*Required work*. Any images in the material are to be dropped while every line is retyped exactly.

*Given information*.
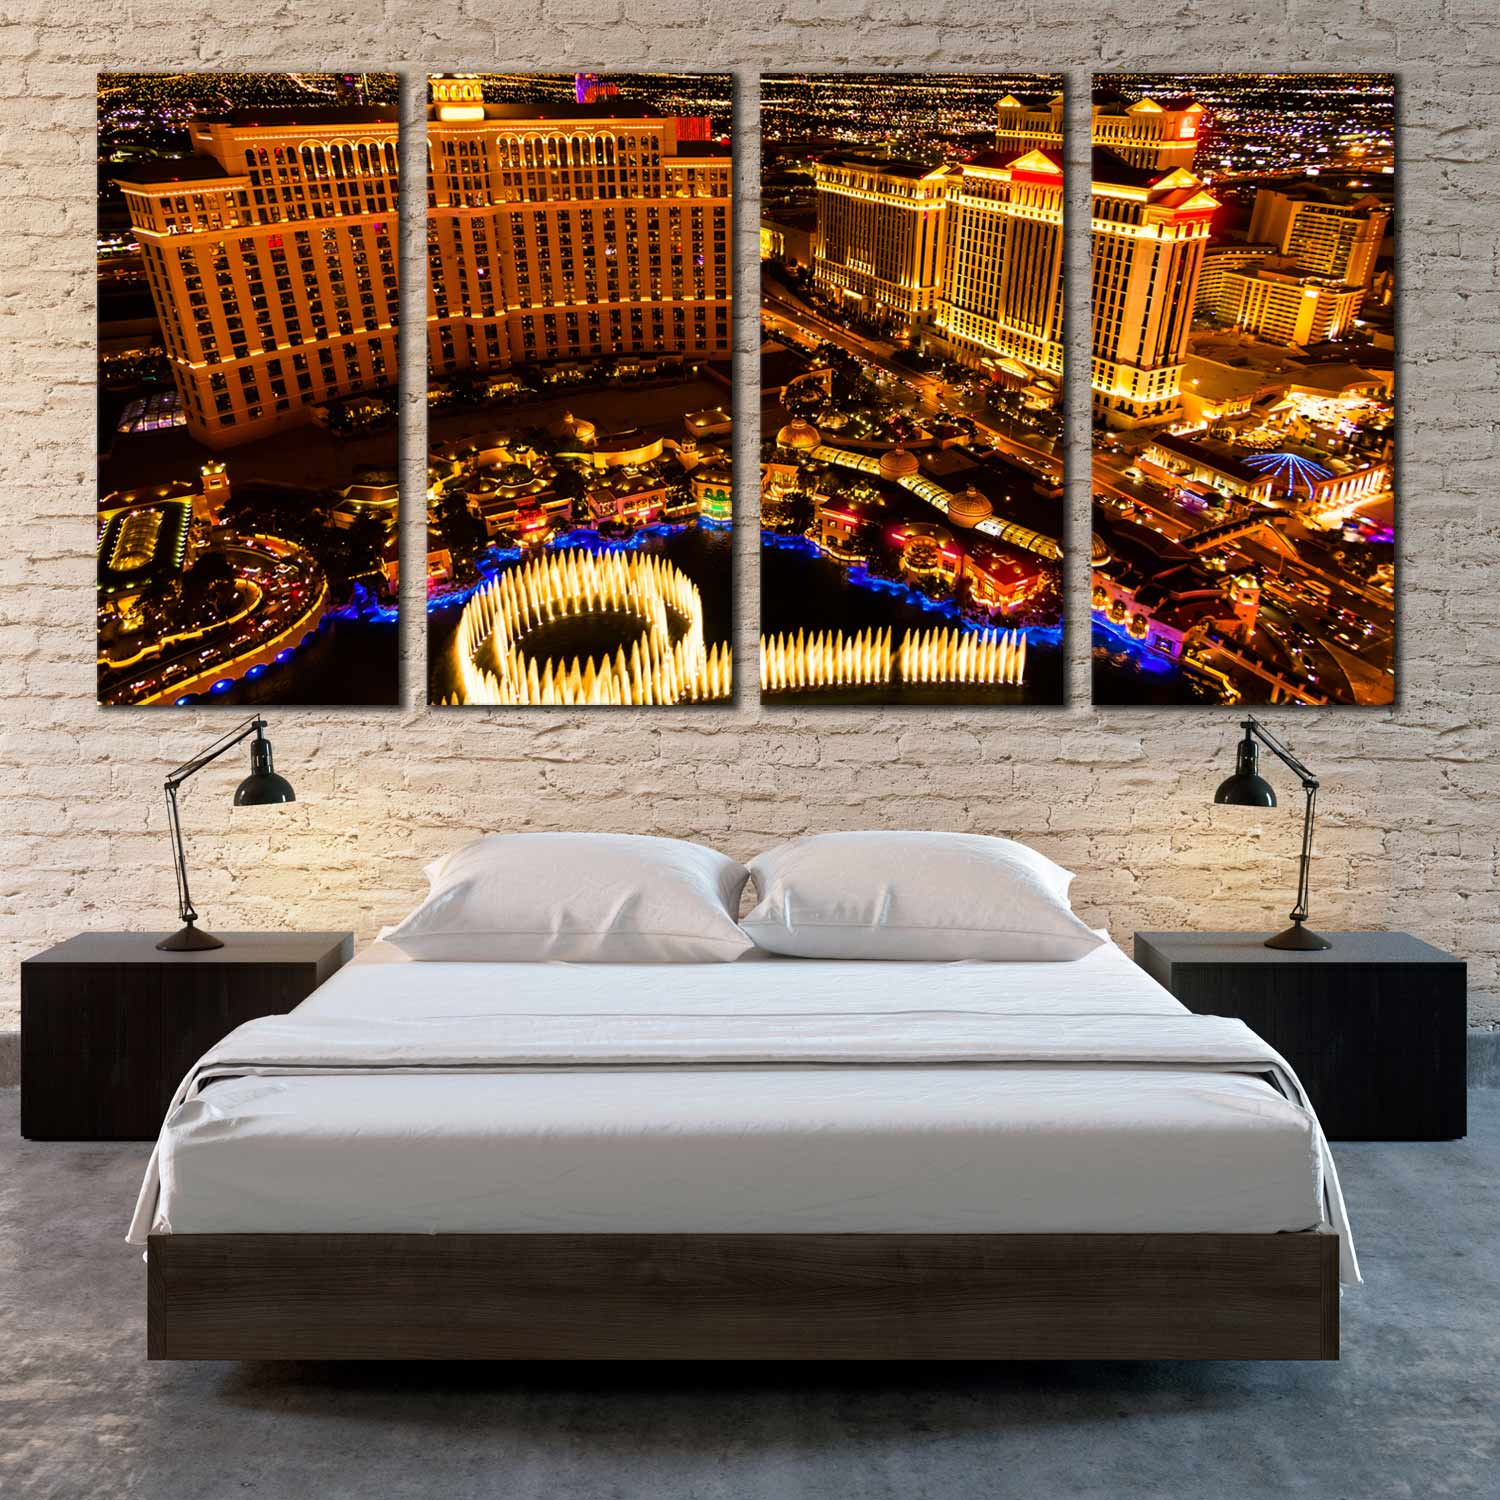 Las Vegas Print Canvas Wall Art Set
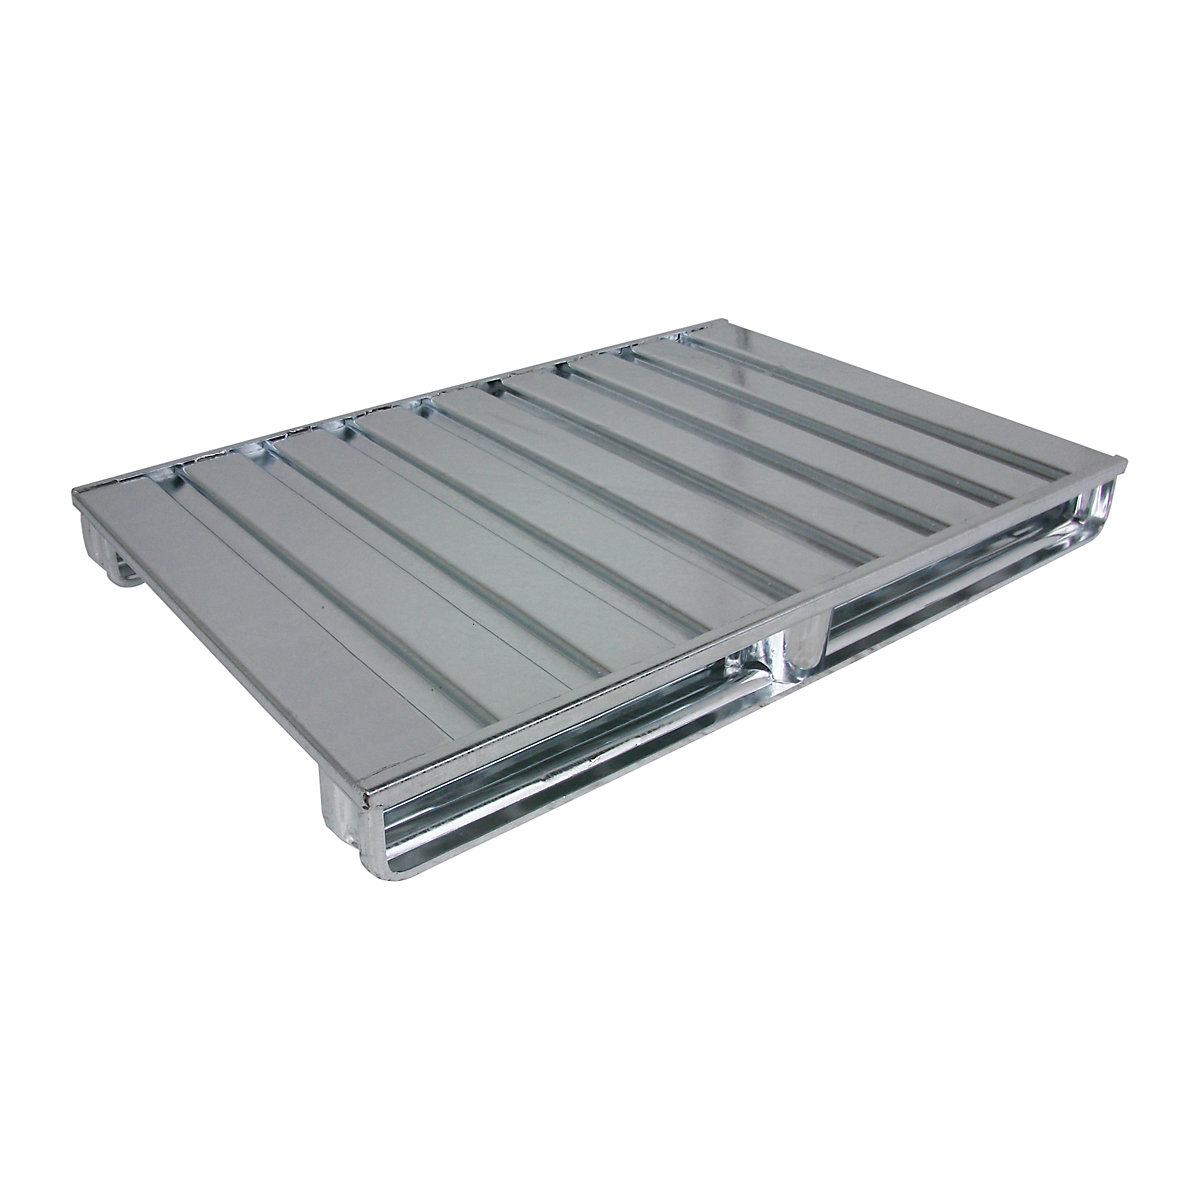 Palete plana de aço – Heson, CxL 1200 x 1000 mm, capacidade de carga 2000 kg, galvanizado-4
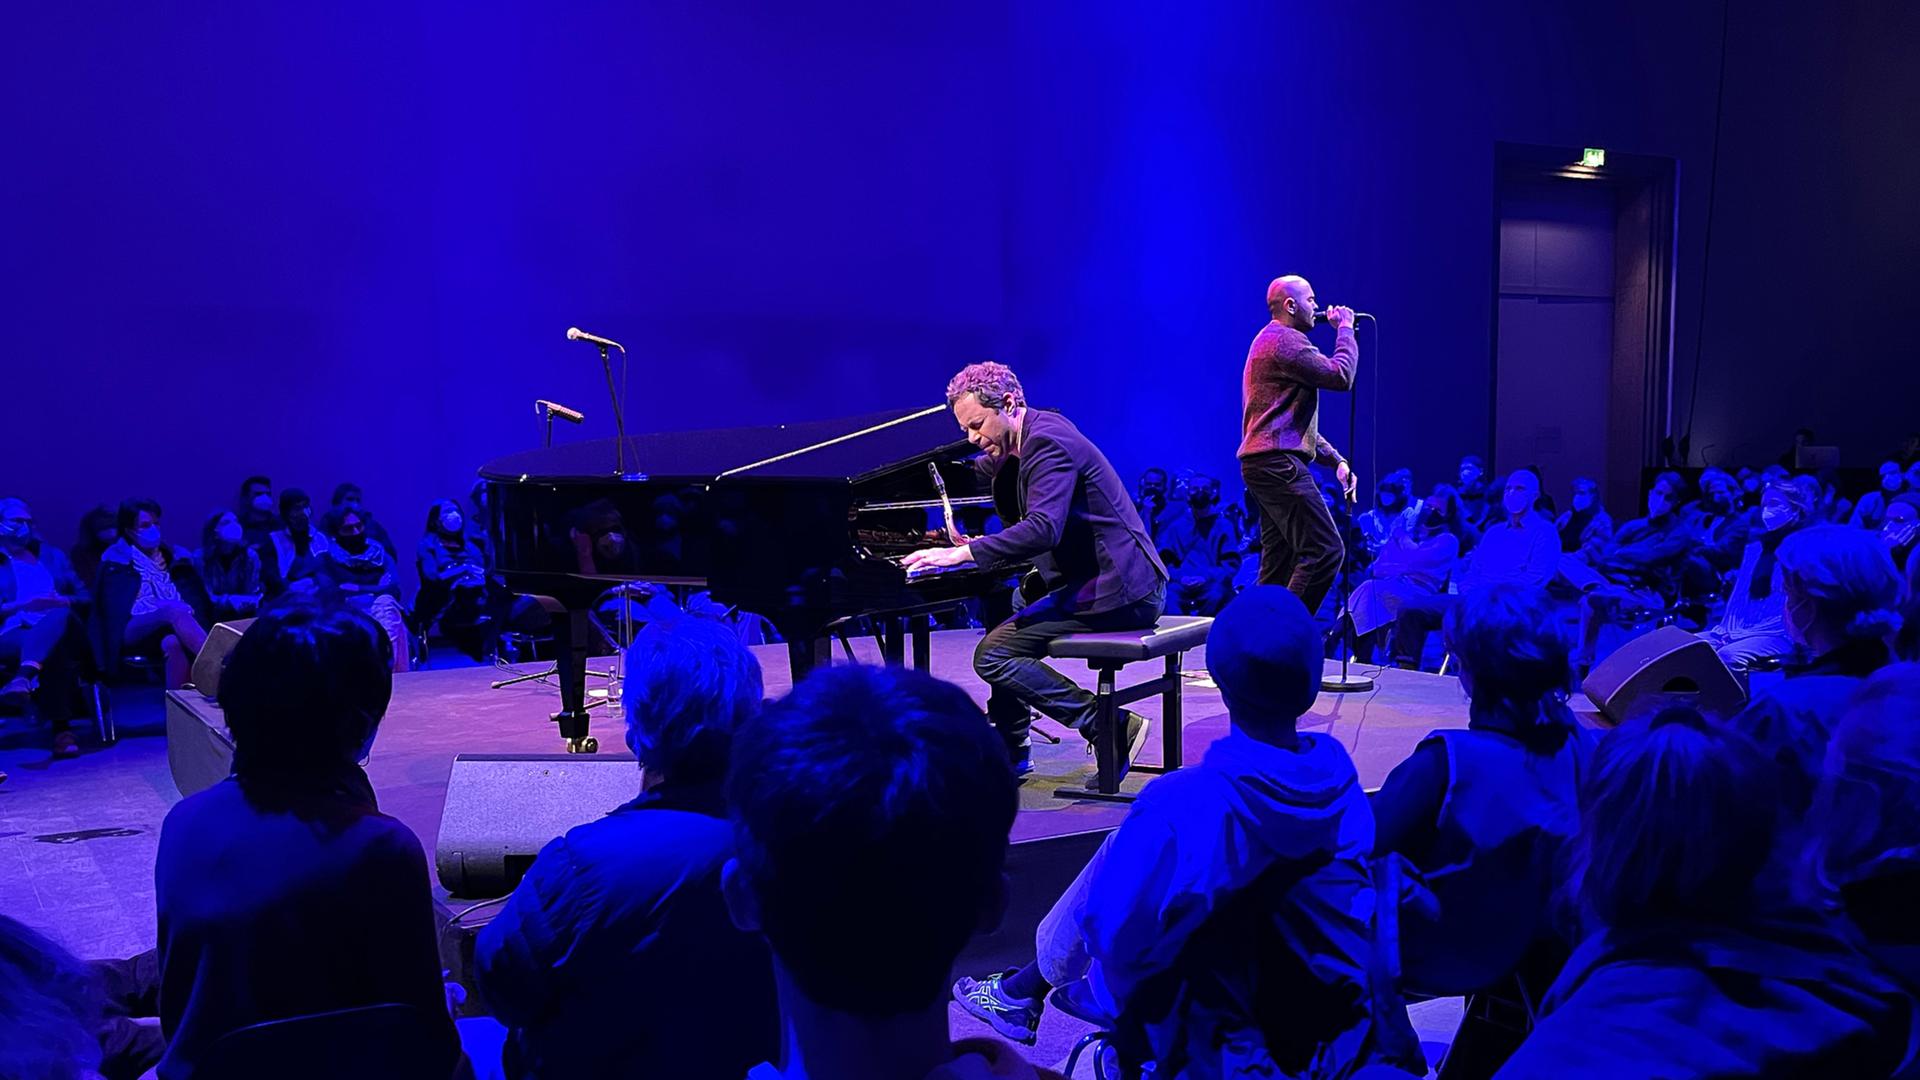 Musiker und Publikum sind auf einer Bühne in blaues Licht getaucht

*Response*.
 Las Vegas Print Canvas Wall Art Set
 Palete plana de aço – Heson, CxL 1200 x 1000 mm, capacidade de carga 2000 kg, galvanizado-4
 Musiker und Publikum sind auf einer Bühne in blaues Licht getaucht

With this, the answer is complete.